Conversation
Implement reusable Agent Skills (agentskills.io format) that package the repo's domain knowledge for use by any SKILL.md-compatible agent: - markdown-ld-authoring: Frontmatter, entity_hints, wikilinks, and content structuring for maximum RDF extraction quality - sparql-query-writer: KB vocabulary, query patterns, case-insensitive matching, and safety constraints for the SPARQL endpoint - rdf-jsonld-engineer: JSON-LD context design, Turtle serialization, entity ID minting, and sameAs alignment with Wikidata - shacl-shape-designer: SHACL shape writing, pySHACL integration, and validation debugging patterns - llm-rdf-extraction: Prompt engineering for structured RDF output, confidence calibration, chunking strategy, and failure modes - knowledge-graph-mcp: MCP server exposing the KB as agent-callable tools (SPARQL, NL query, entity listing) via FastMCP Each skill follows the Agent Skills spec: SKILL.md with YAML frontmatter (name, description) + markdown instructions, with references/ for detailed schemas and examples. All names pass spec validation.
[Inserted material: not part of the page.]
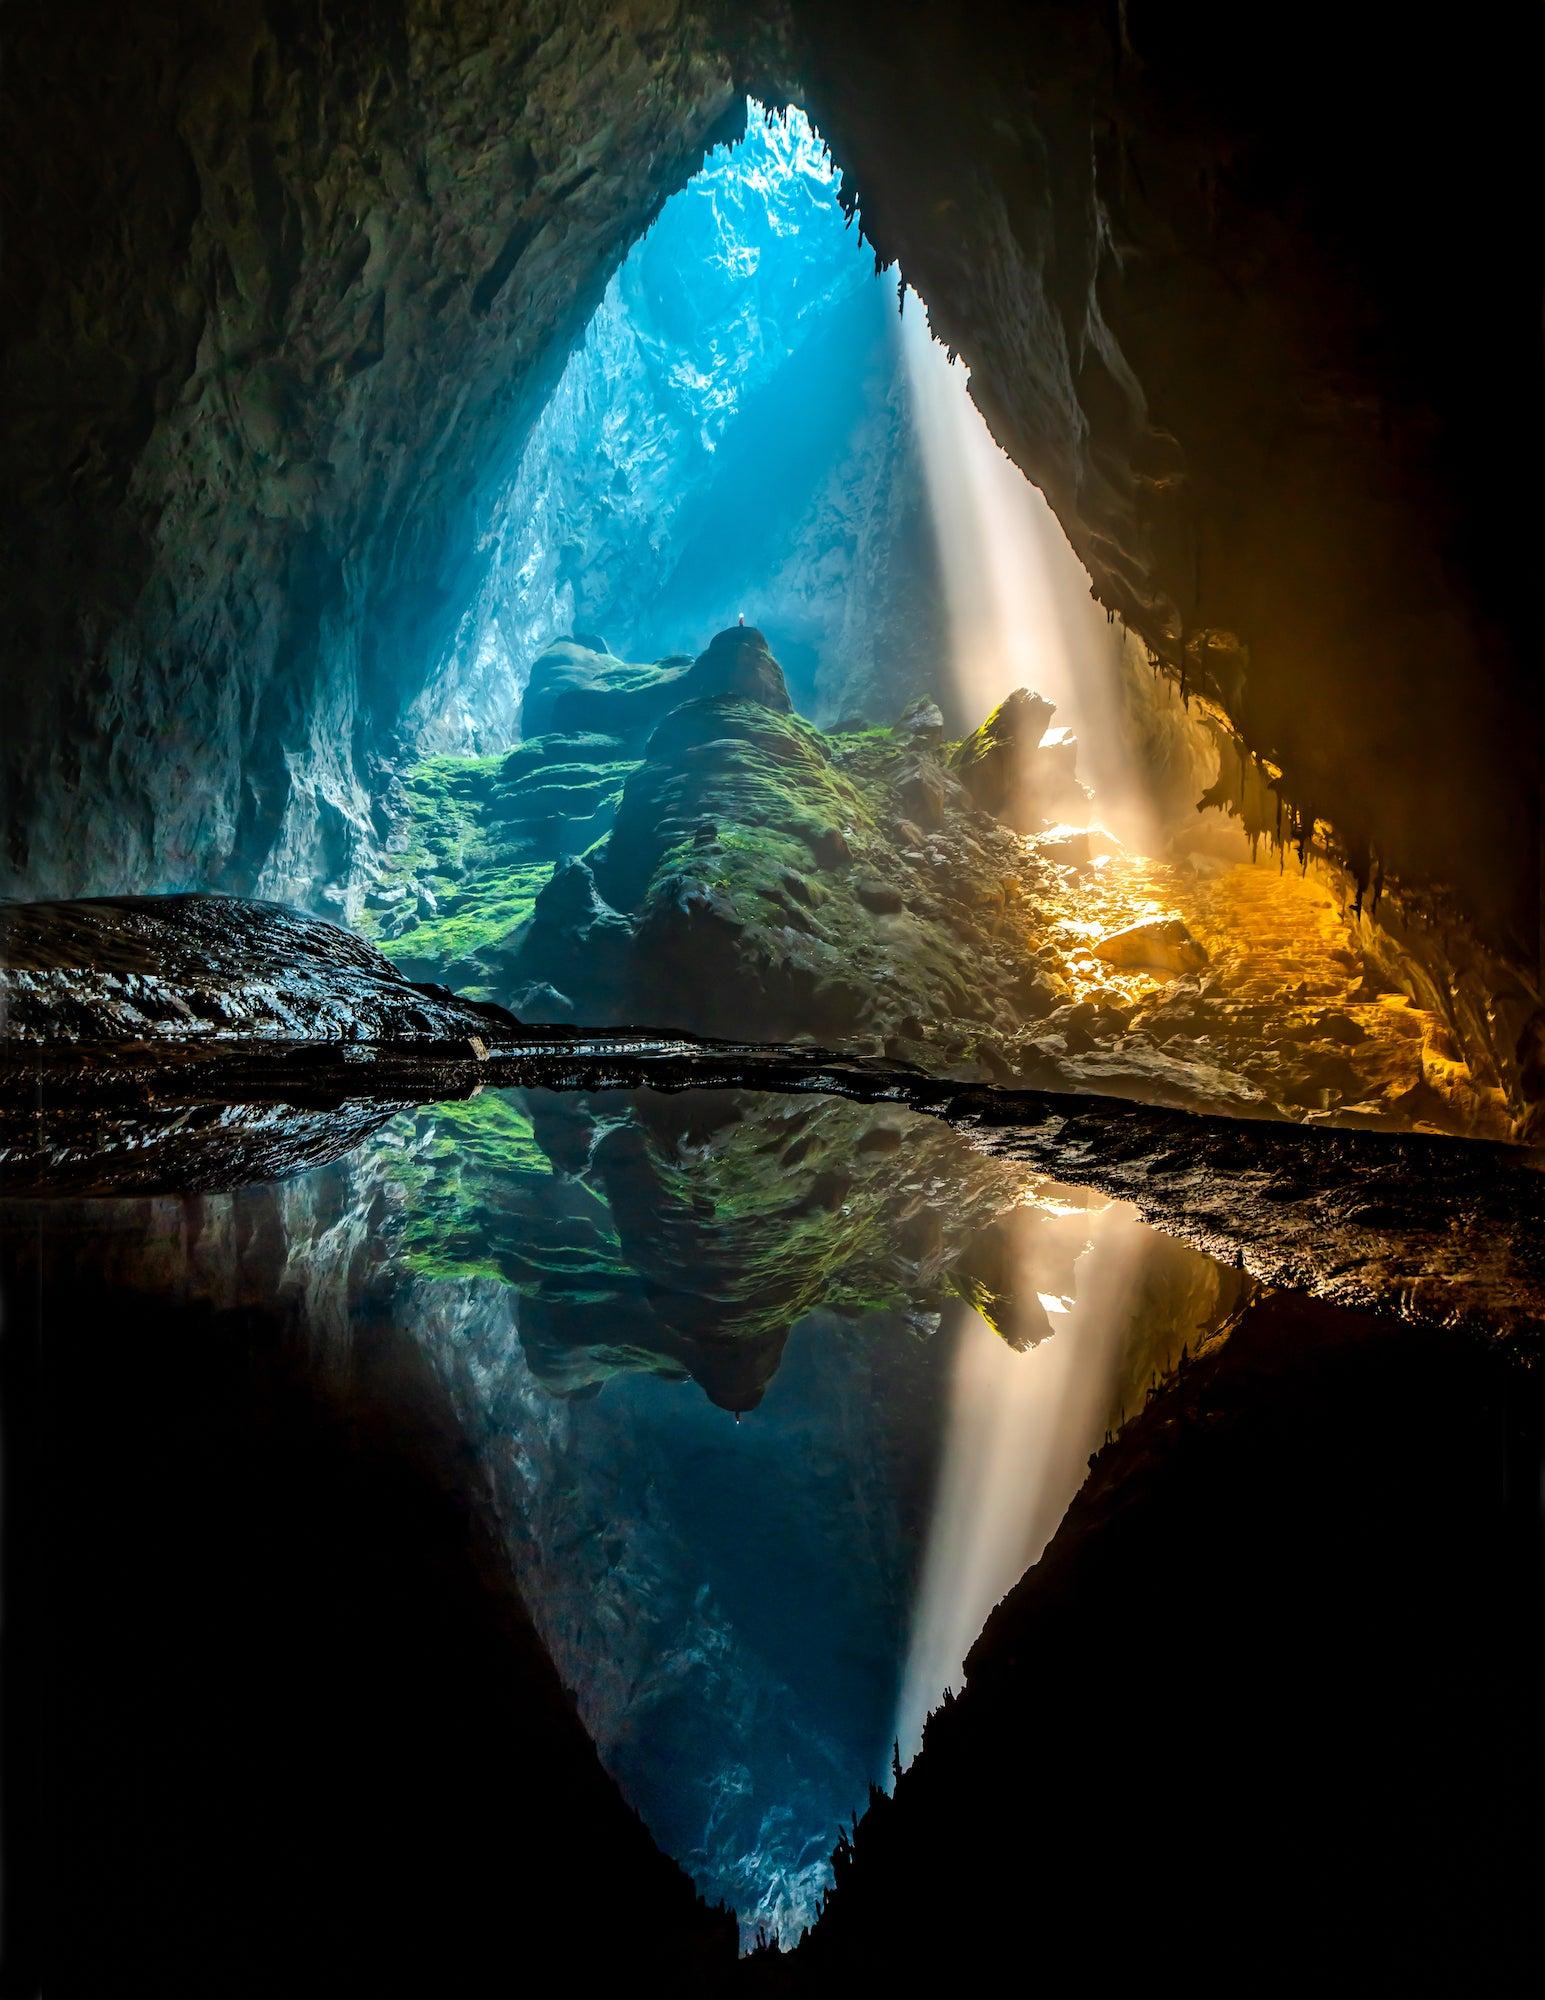 Alpha-Universe-Wyatt-Peterson-Cave-Photography-Sony-a7riii-3.jpeg

Co-authored-by: Copilot <223556219+Copilot@users.noreply.github.com>
There was a problem hiding this comment.
Pull request overview
Adds a set of reusable Agent Skills (SKILL.md format) that document and package this repo’s Markdown-LD → RDF/JSON-LD → SPARQL knowledge-bank conventions, including a reference MCP server for querying the graph.
Changes:
- Introduces skill docs for authoring Markdown-LD, extracting RDF with LLMs, designing JSON-LD/RDF artifacts, writing SPARQL, and designing SHACL shapes.
- Adds reference “vocabulary / context / prompt patterns / existing shapes” documents to support those skills.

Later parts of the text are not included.